Si tu sais rêver sans n’être qu’un rêveur ;
Si tu peux penser sans n’être qu’un penseur ;
Si tu sais accueillir le succès et l’échec,
Et aux deux imposteurs réserver la même fête ;
Si tu peux supporter d’entendre tes propos
Tordus par des escrocs pour mieux duper des sots ;
Si tu peux voir détruit l’ouvrage de ta vie,
Et te mettre à rebâtir avec des débris : 

Si tu peux amasser ce que tu as gagné,
Et le remettre en jeu sur un seul coup de dés,
Sans un soupir tout perdre et tout recommencer ;
Si tu sais maîtriser ton cœur, tes nerfs, ton corps,
Et quand ils t’ont lâché les faire servir encore,
Et quand il n’y a plus rien en toi, tenir,
Écouter la volonté seule qui crie : « Tenir ! » 

Si tu sais rester noble dans l’indigence ;
Si tu sais rester humble dans l’opulence ;
Si ennemi ni ami ne peut t’ébranler ;
Si pour toi chacun compte sans qu’aucun ne compte trop ;
Si dans cette vie, minute vite écoulée,
Tu fais soixante pas sur un chemin qui vaut : 

Alors t’appartiendront la Terre les jours les ans,
Mieux – tu mériteras le nom d’Humain, mon enfant ! 

Rudyard Kipling (Traduction de Karim Mahmoud-Vintam)

Ma bohème

Je m’en allais, les poings dans mes poches crevées ;
Mon paletot aussi devenait idéal ;
J’allais sous le ciel, Muse ! et j’étais ton féal ;
Oh ! là ! là ! que d’amours splendides j’ai rêvées ! 

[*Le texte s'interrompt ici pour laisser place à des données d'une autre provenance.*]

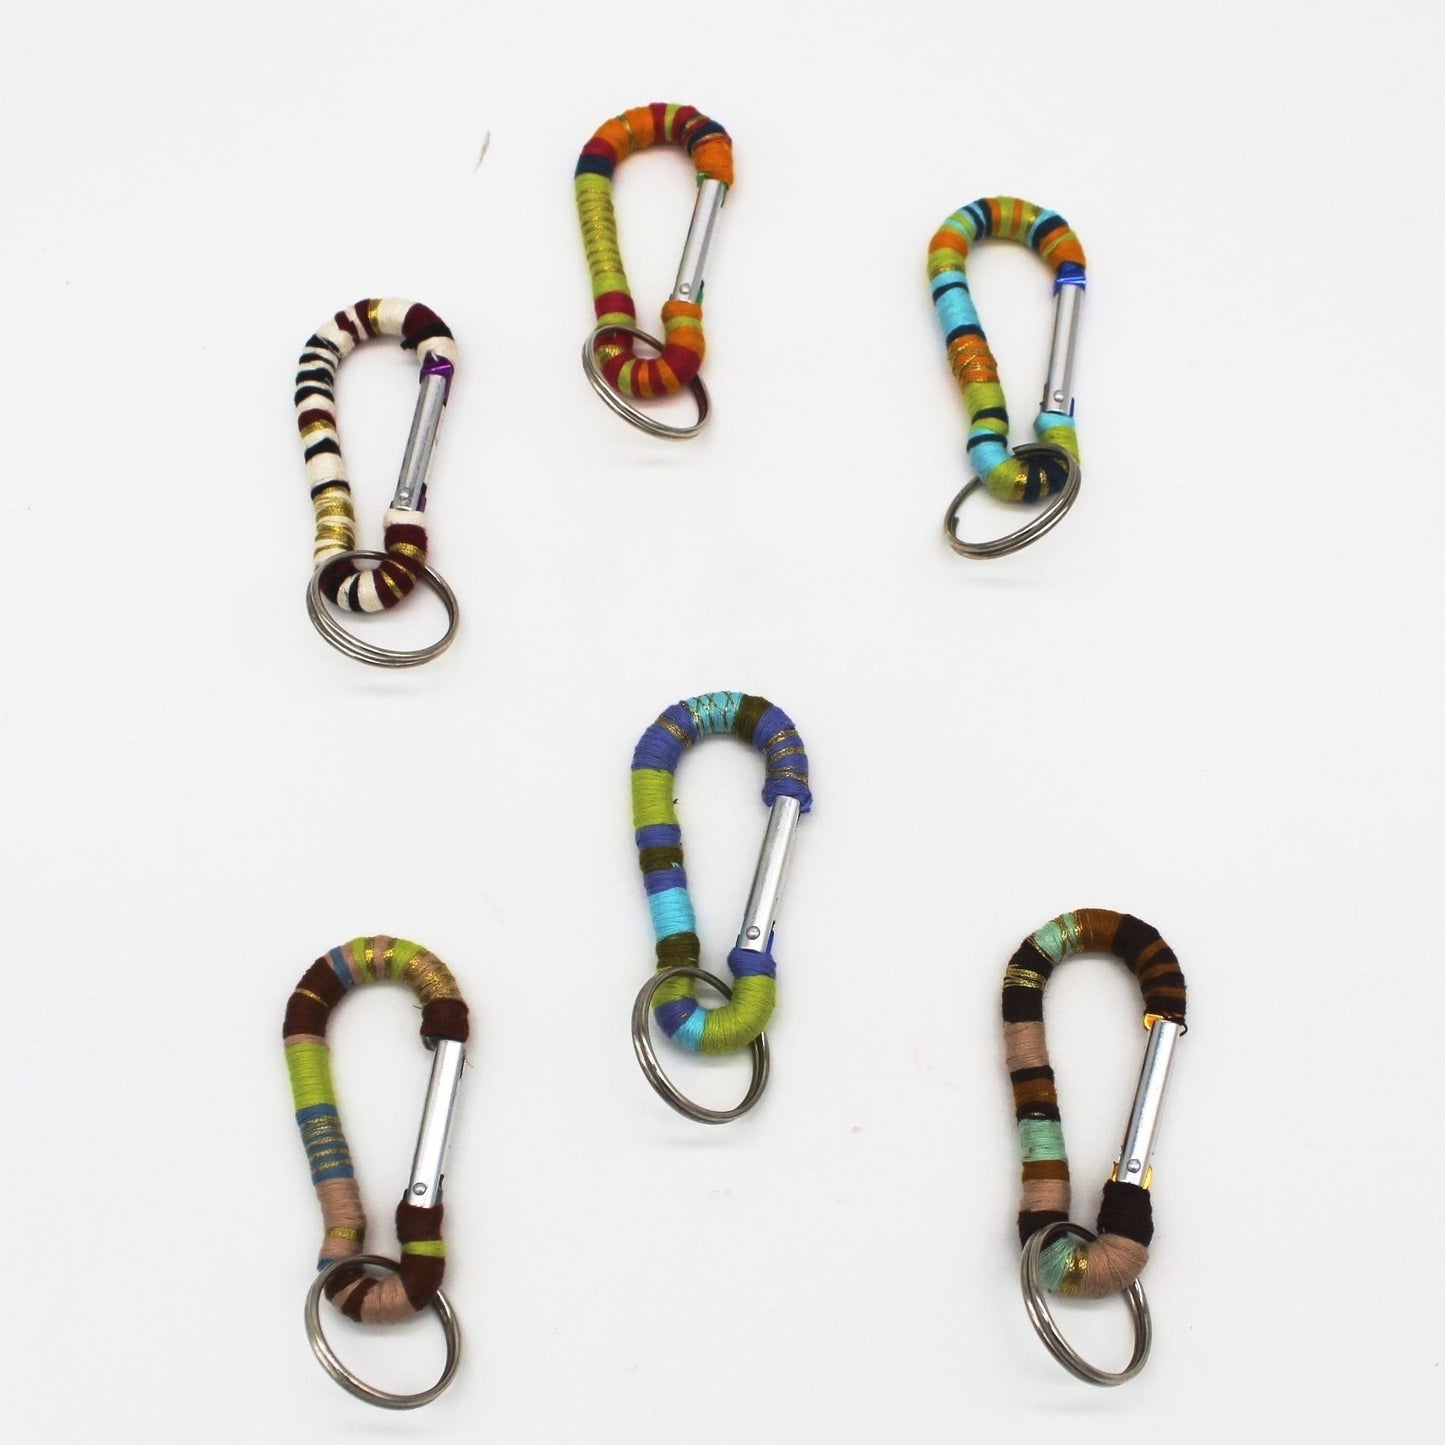 Carabiner keychains, 6 vibrant new colors in a set.
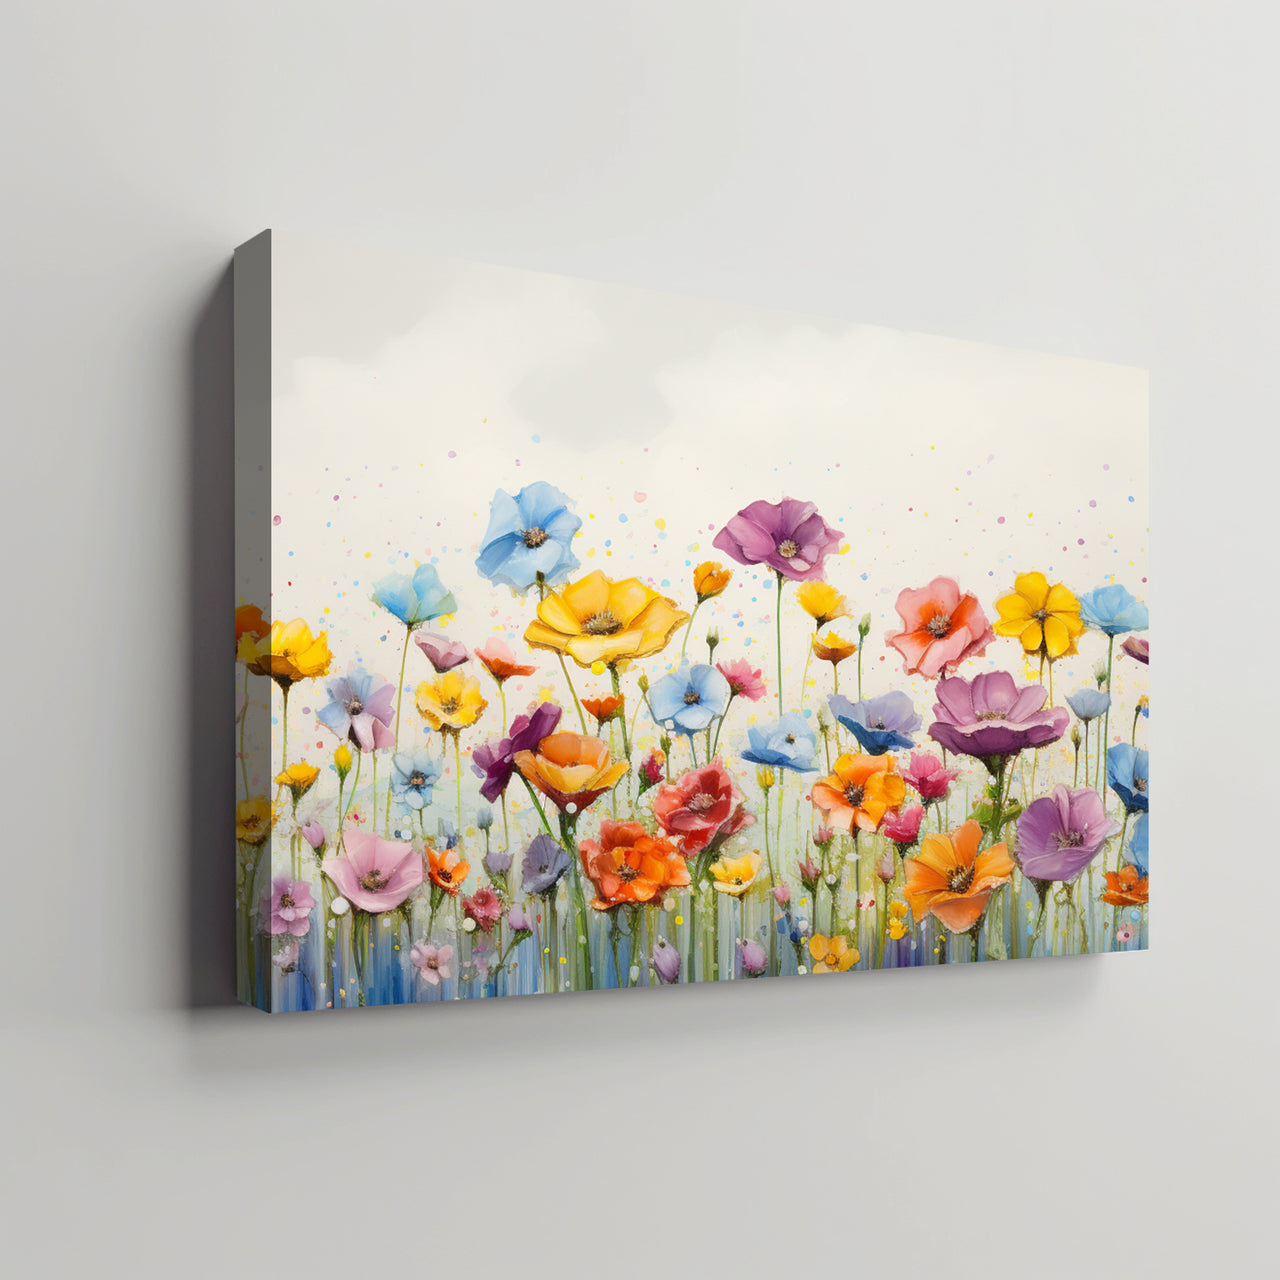 Wildflowers on Canvas, Flowers in Rain 05, Minimalist Flower Wall Art, Abstract Wall Art, Watercolor flowers, Floral Print, Classic, Rustic Farmhouse, Wildflower Home Decor, Flower Painting Canvas, Floral Wall Art

Mon unique culotte avait un large trou.
– Petit-Poucet rêveur, j’égrenais dans ma course
Des rimes. Mon auberge était à la Grande-Ourse.
– Mes étoiles au ciel avaient un doux frou-frou 

Et je les écoutais, assis au bord des routes,
Ces bons soirs de septembre où je sentais des gouttes
De rosée à mon front, comme un vin de vigueur ; 

Où, rimant au milieu des ombres fantastiques,
Comme des lyres, je tirais les élastiques
De mes souliers blessés, un pied près de mon coeur ! 

Arthur Rimbaud, Cahier de Douai (1870)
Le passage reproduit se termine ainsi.